## What is needed
Return all of the listing word for word; the pictures stay out.

## Data section
-------------------------
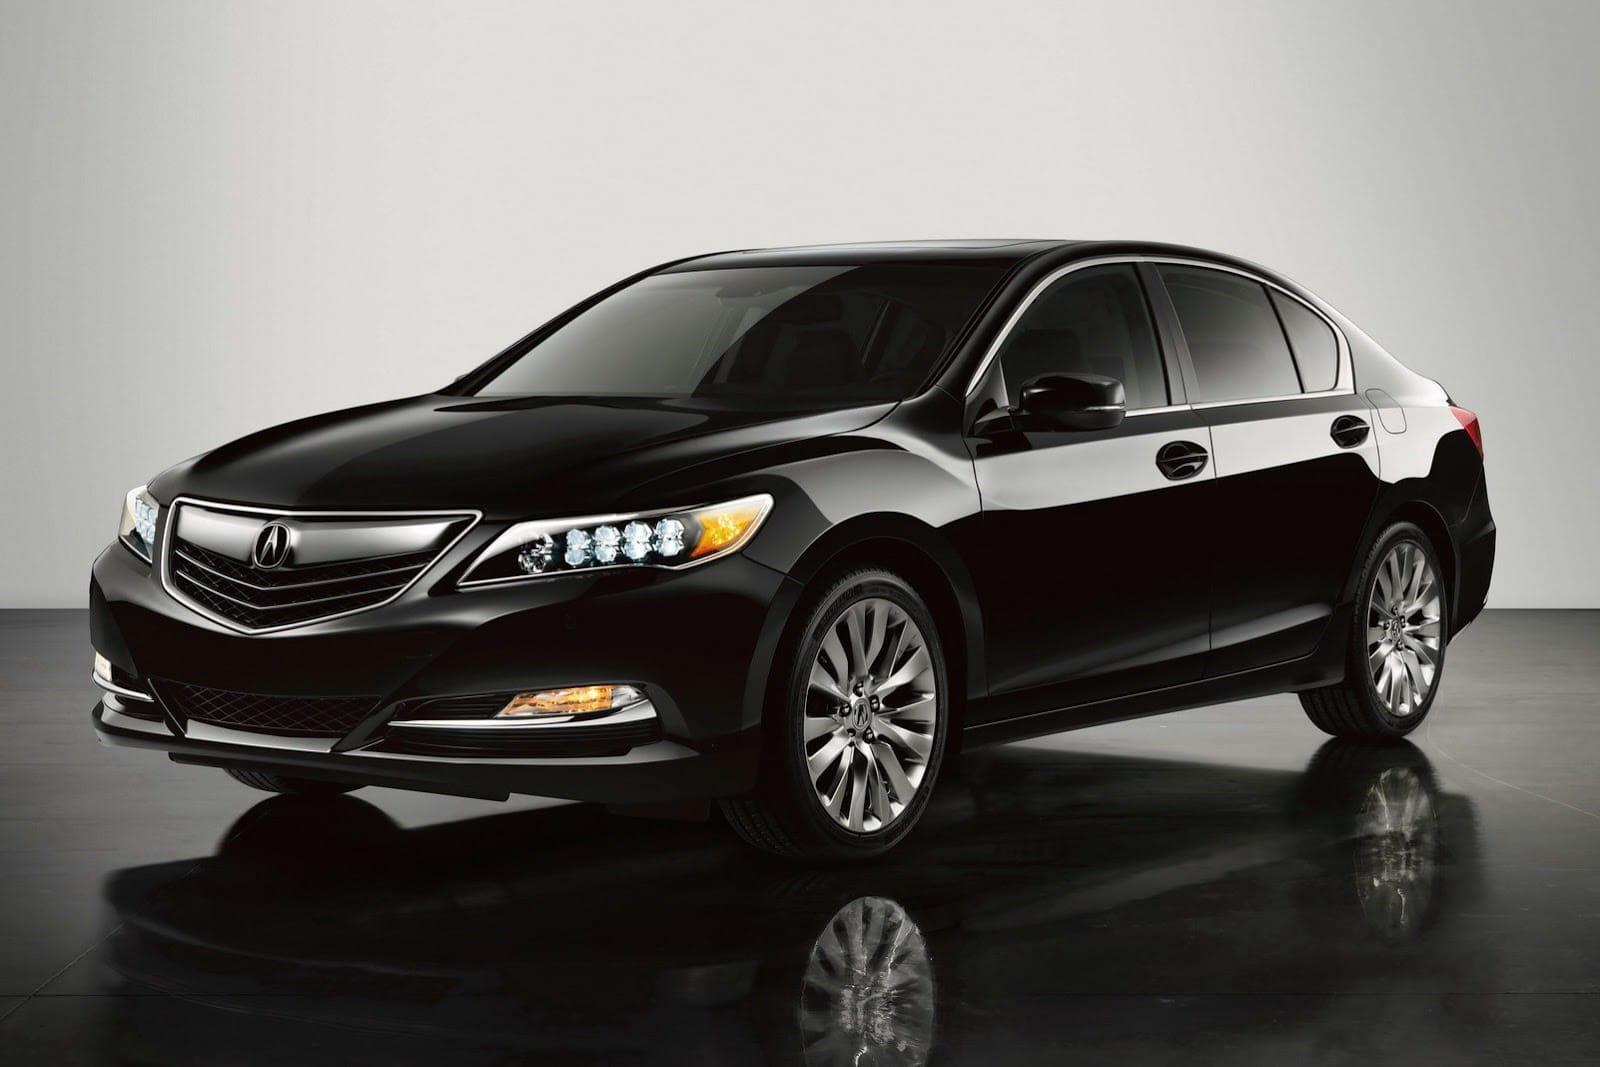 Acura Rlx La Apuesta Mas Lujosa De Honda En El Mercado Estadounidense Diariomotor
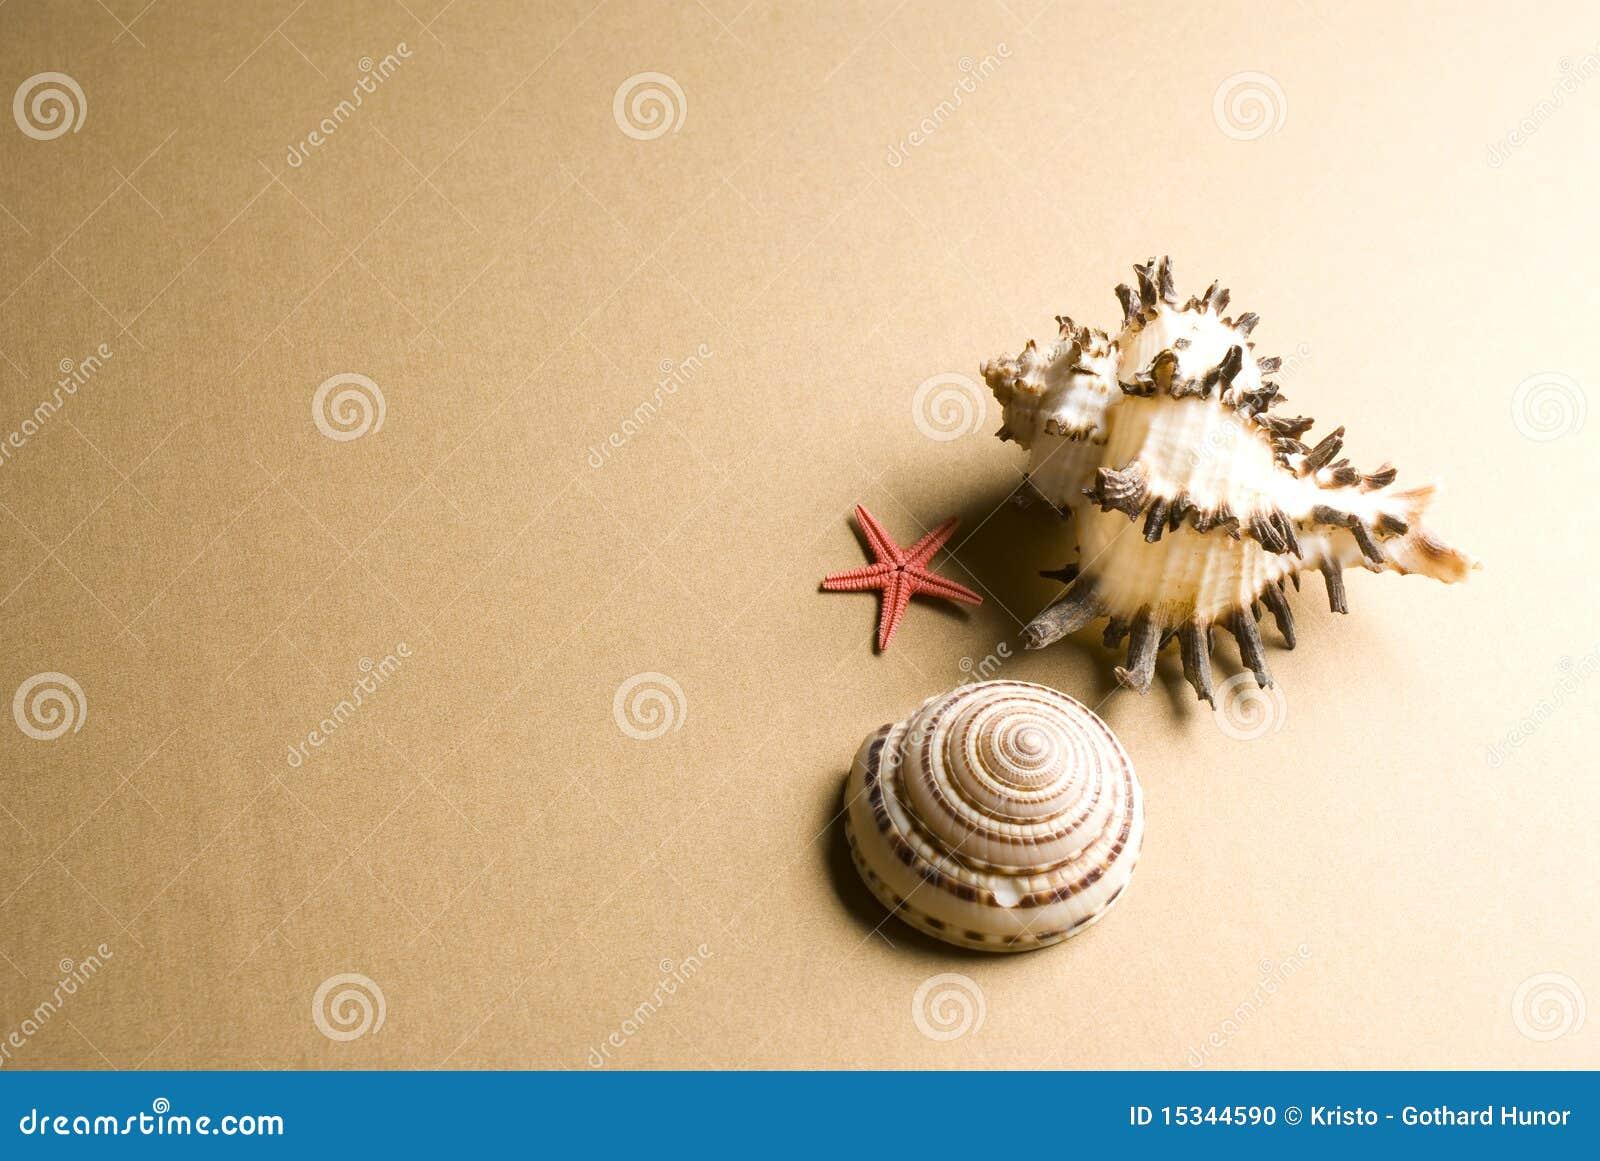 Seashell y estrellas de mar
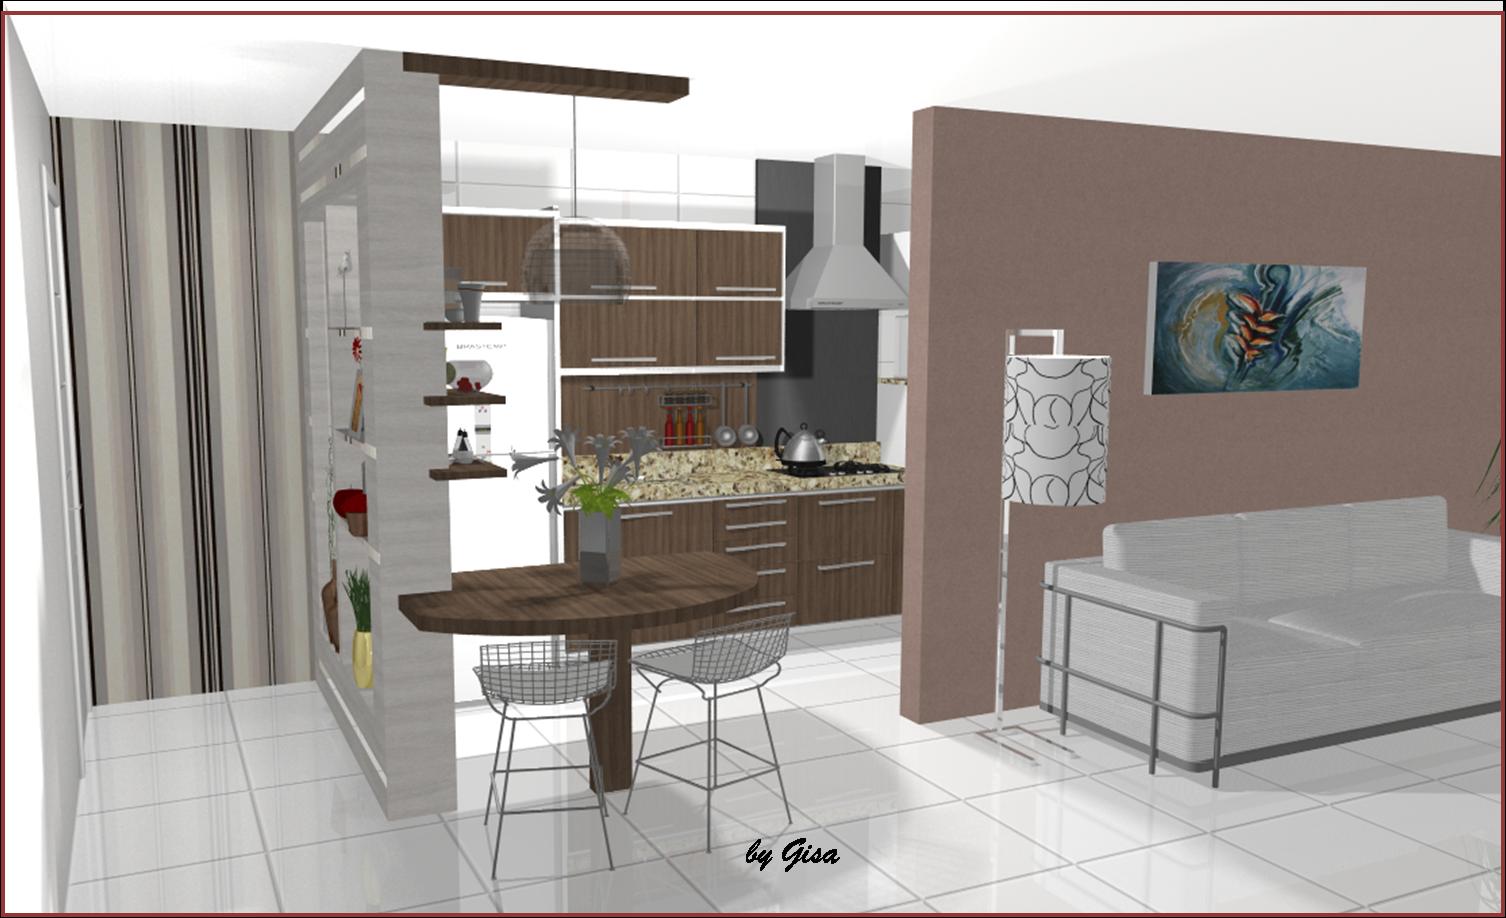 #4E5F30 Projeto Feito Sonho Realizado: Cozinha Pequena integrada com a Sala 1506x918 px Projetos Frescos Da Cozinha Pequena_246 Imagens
-------------------------
## Answer for the task
 Acura Rlx La Apuesta Mas Lujosa De Honda En El Mercado Estadounidense Diariomotor
 Seashell y estrellas de mar
 #4E5F30 Projeto Feito Sonho Realizado: Cozinha Pequena integrada com a Sala 1506x918 px Projetos Frescos Da Cozinha Pequena_246 Imagens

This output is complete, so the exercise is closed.